Material provided:
"""

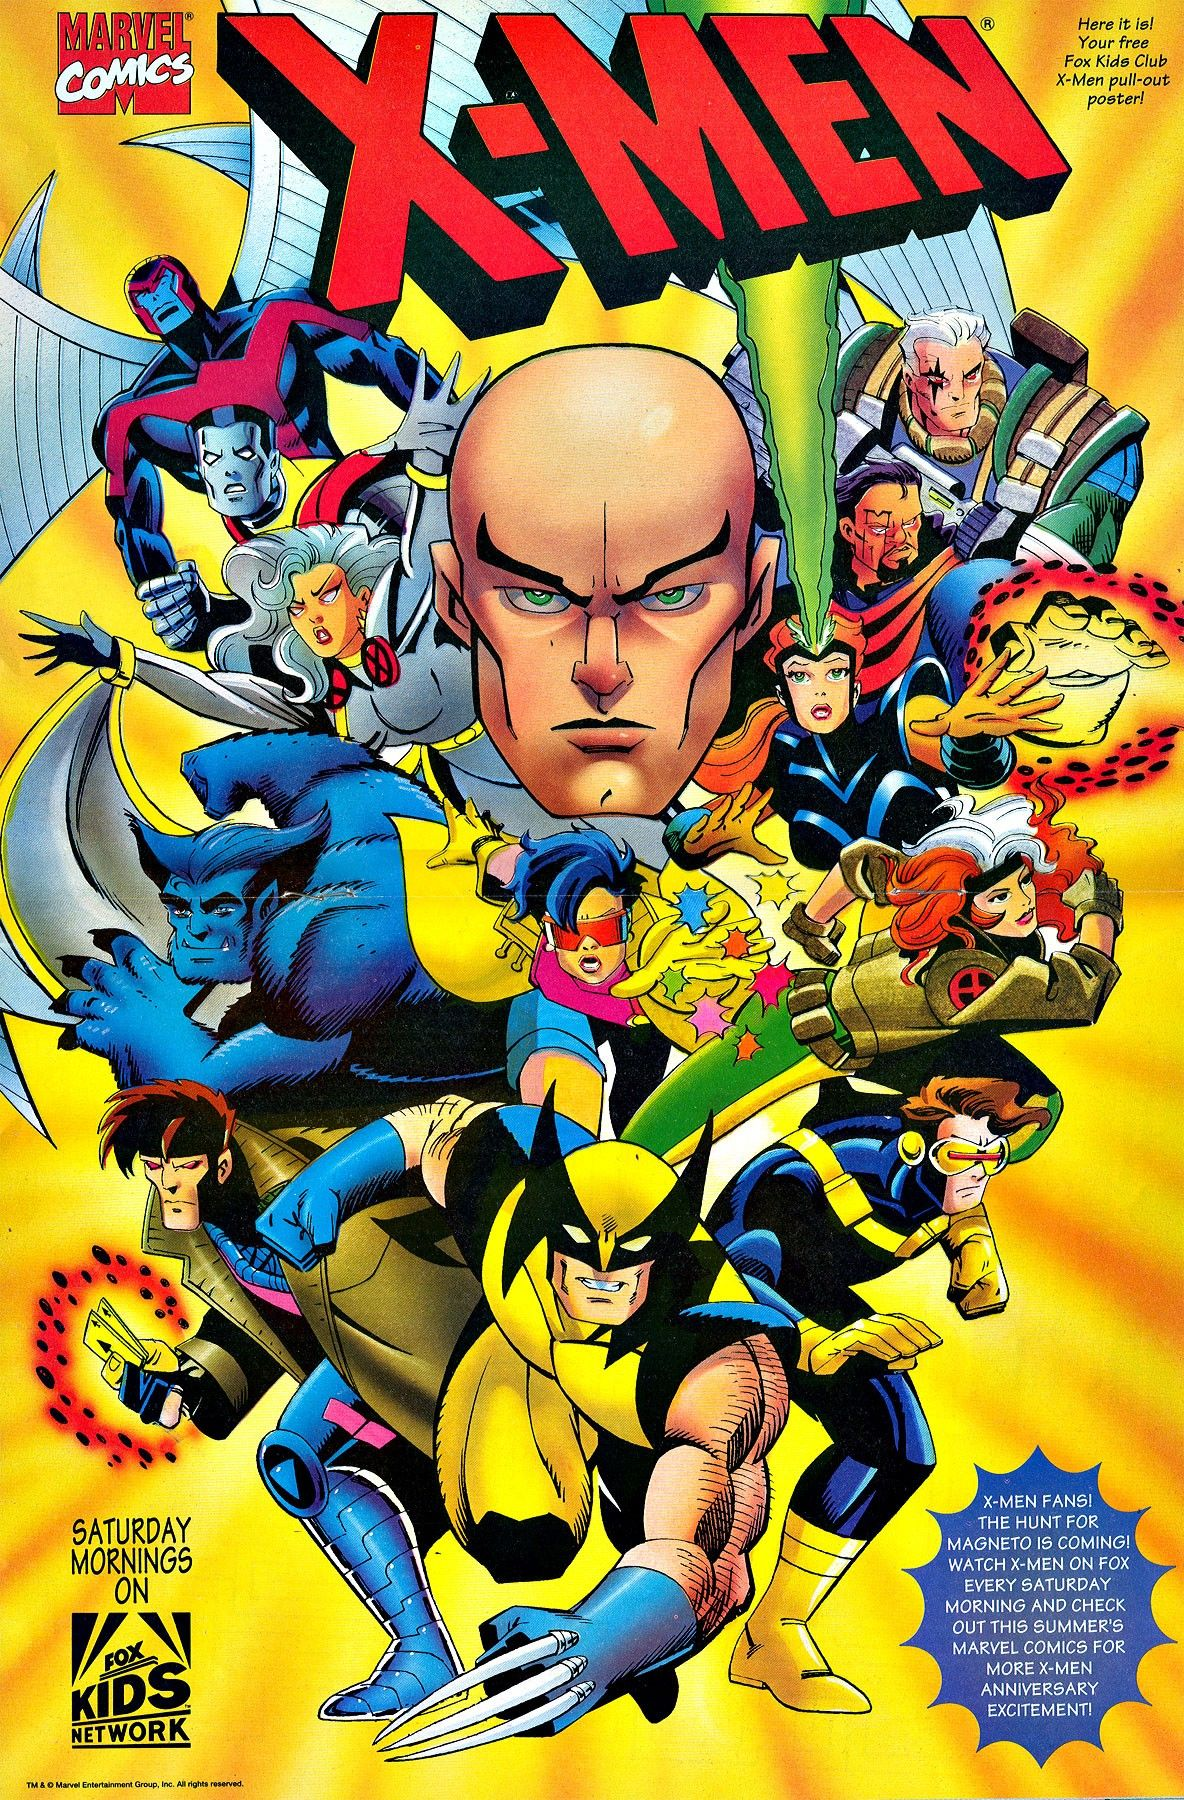 X-Men Komik Karya Stan Lee Yang Bersejarah
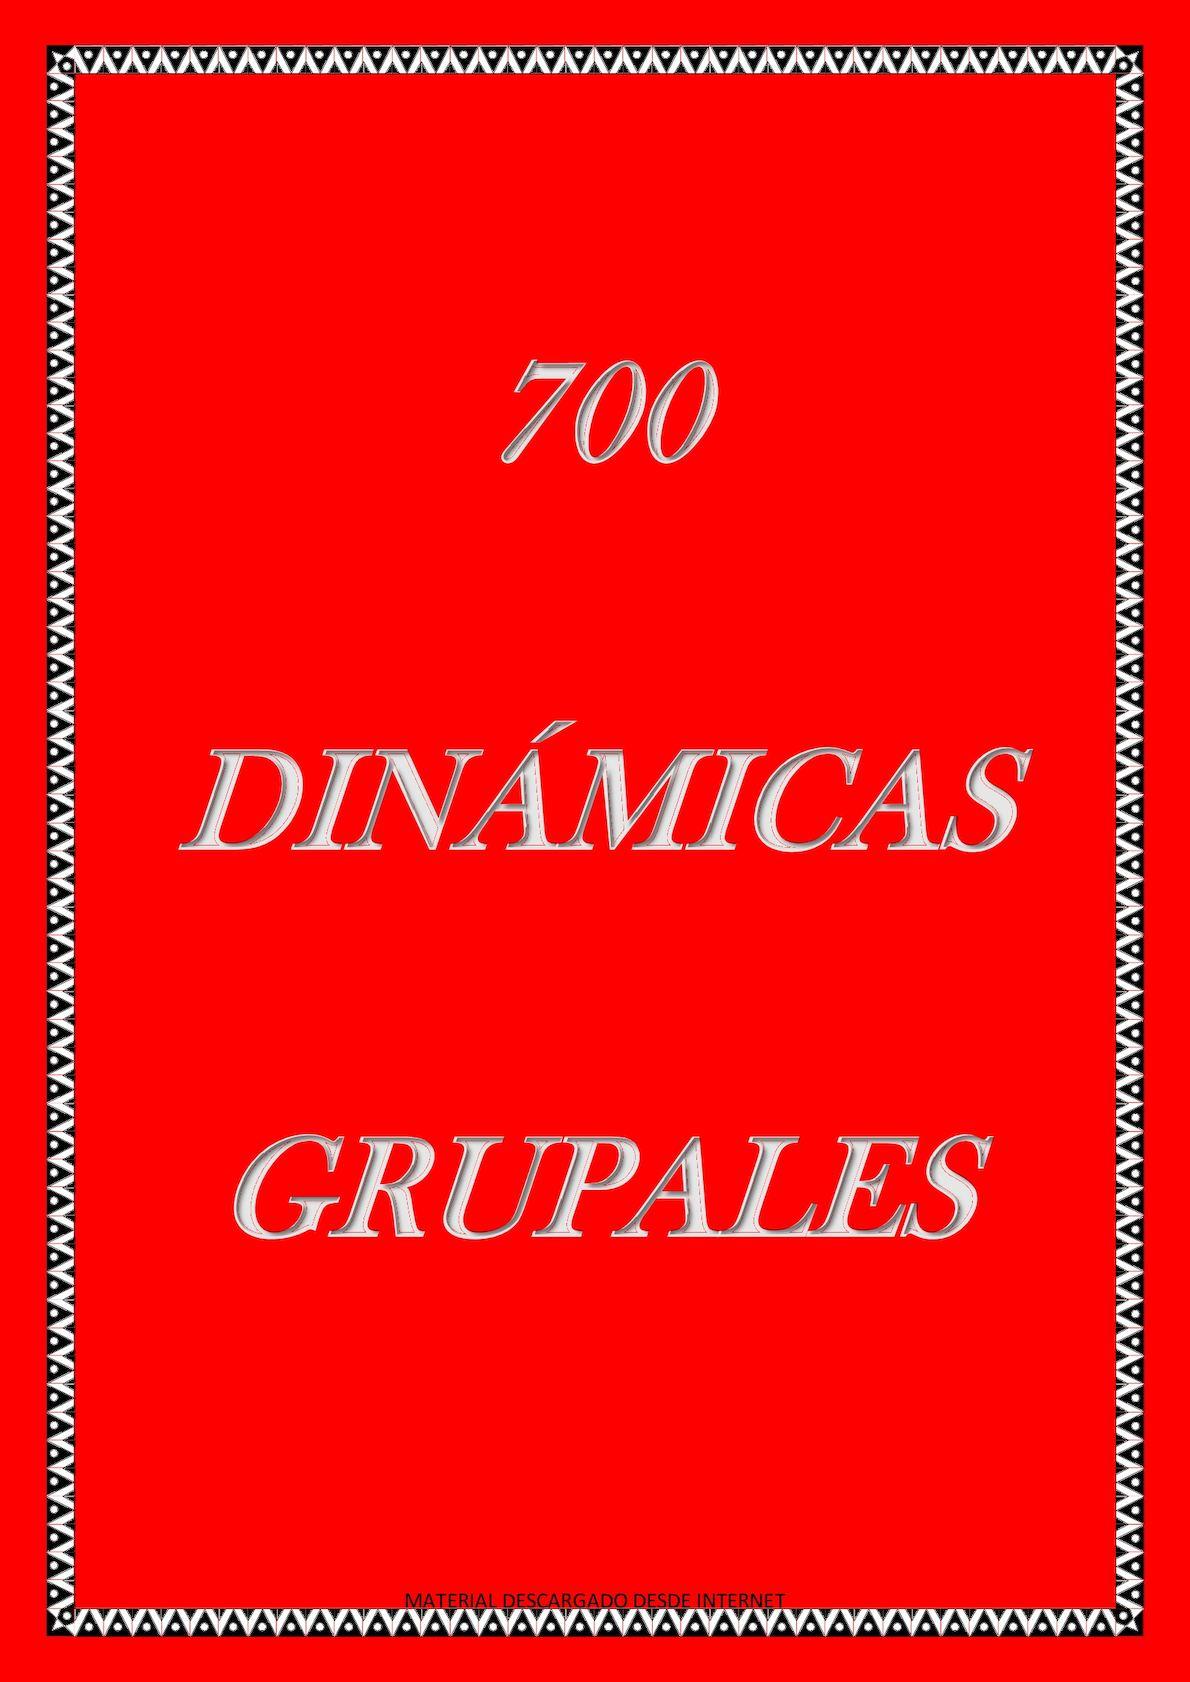 76bd23c1a Calaméo - 700 DINÁMICAS GRUPALES PARA TODAS LAS EDADES
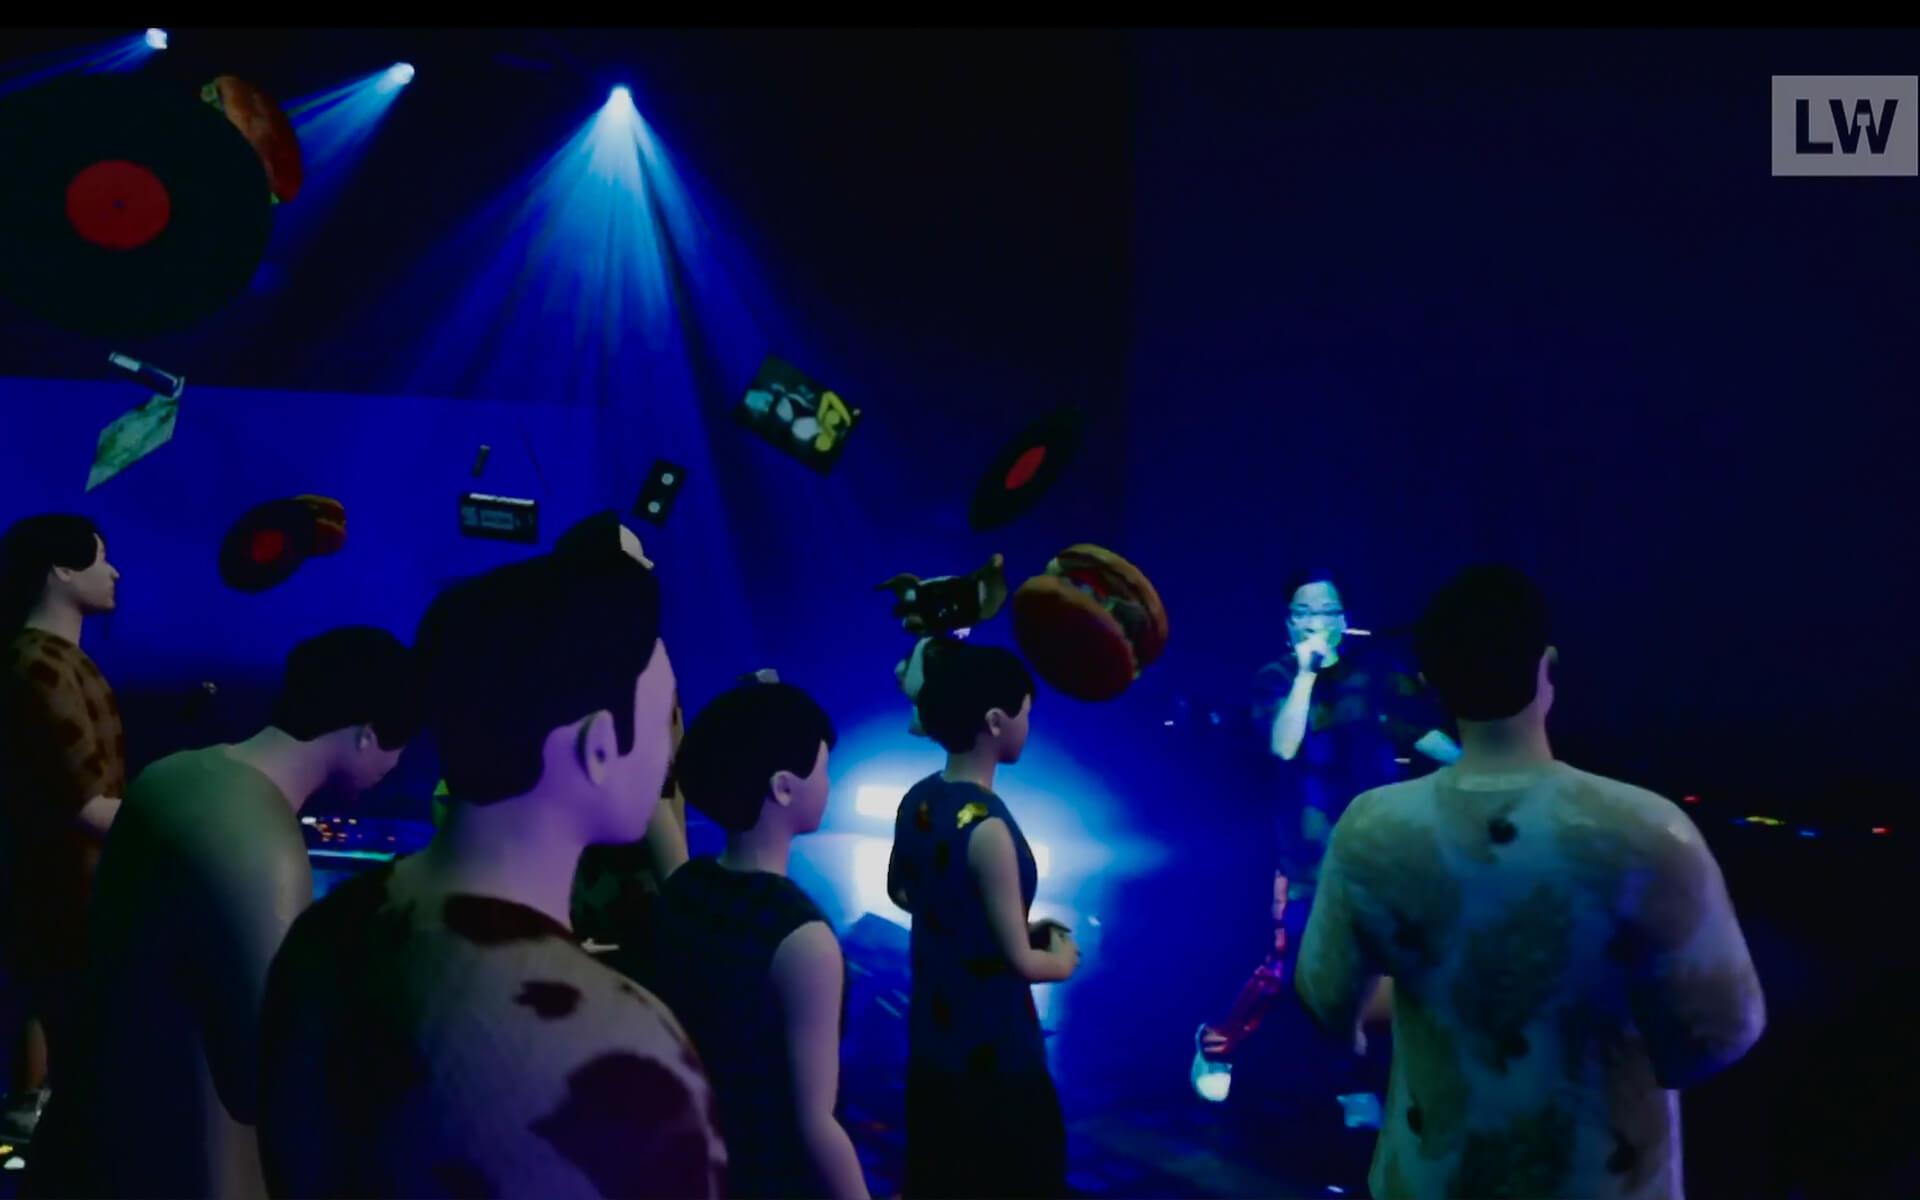 ライブレポート:LIVEWIRE PUNPEE<Sofa Kingdomcome>|映画作品のような夢見心地の時間 music200915_punpee_11
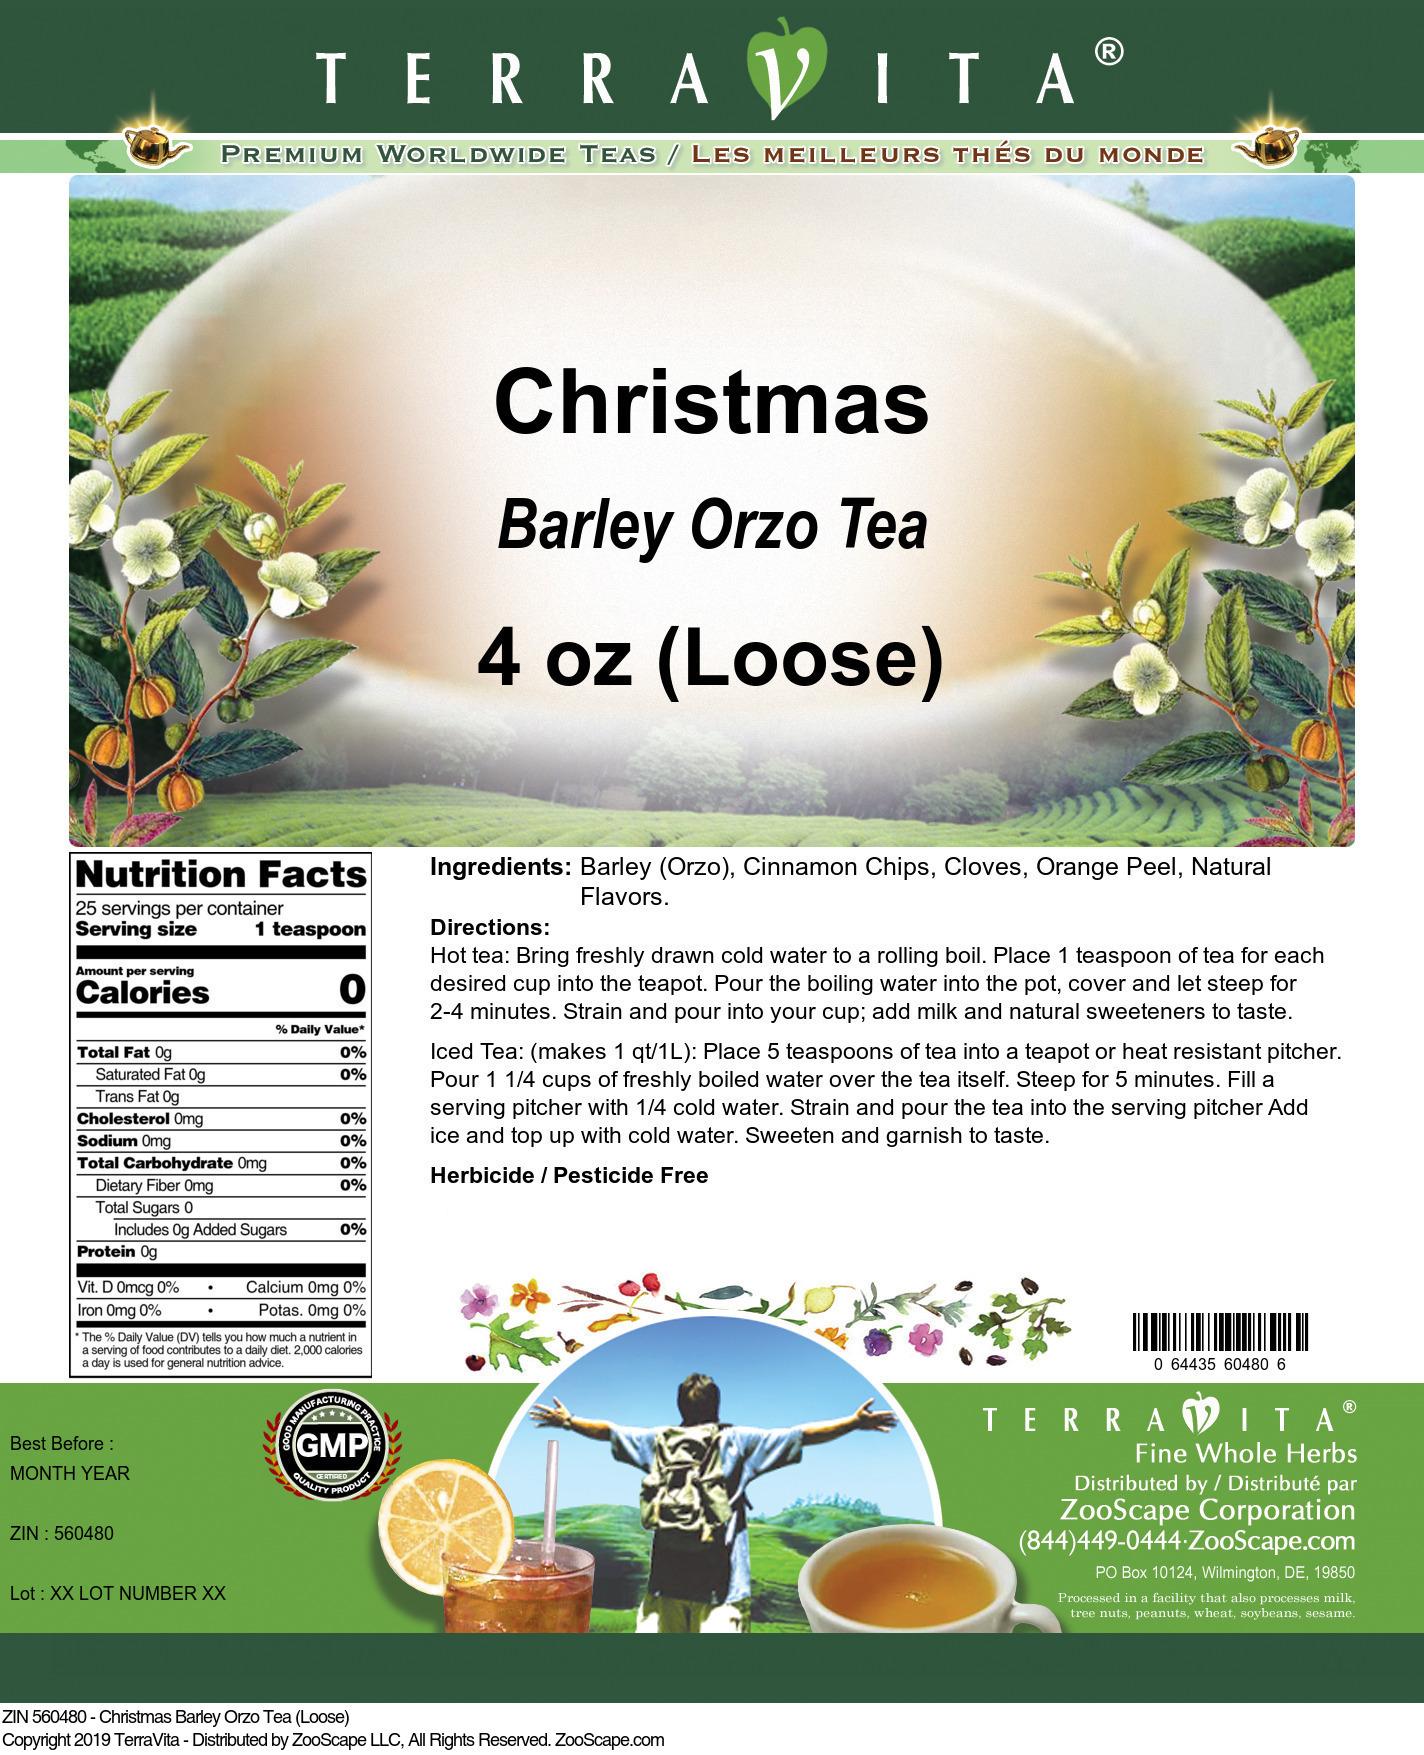 Christmas Barley Orzo Tea (Loose)

"""

Reproduce the material in full, word for word, and omit the pictures.

Answer box:
 X-Men Komik Karya Stan Lee Yang Bersejarah
 76bd23c1a Calaméo - 700 DINÁMICAS GRUPALES PARA TODAS LAS EDADES
 ライブレポート:LIVEWIRE PUNPEE<Sofa Kingdomcome>|映画作品のような夢見心地の時間 music200915_punpee_11
 Christmas Barley Orzo Tea (Loose)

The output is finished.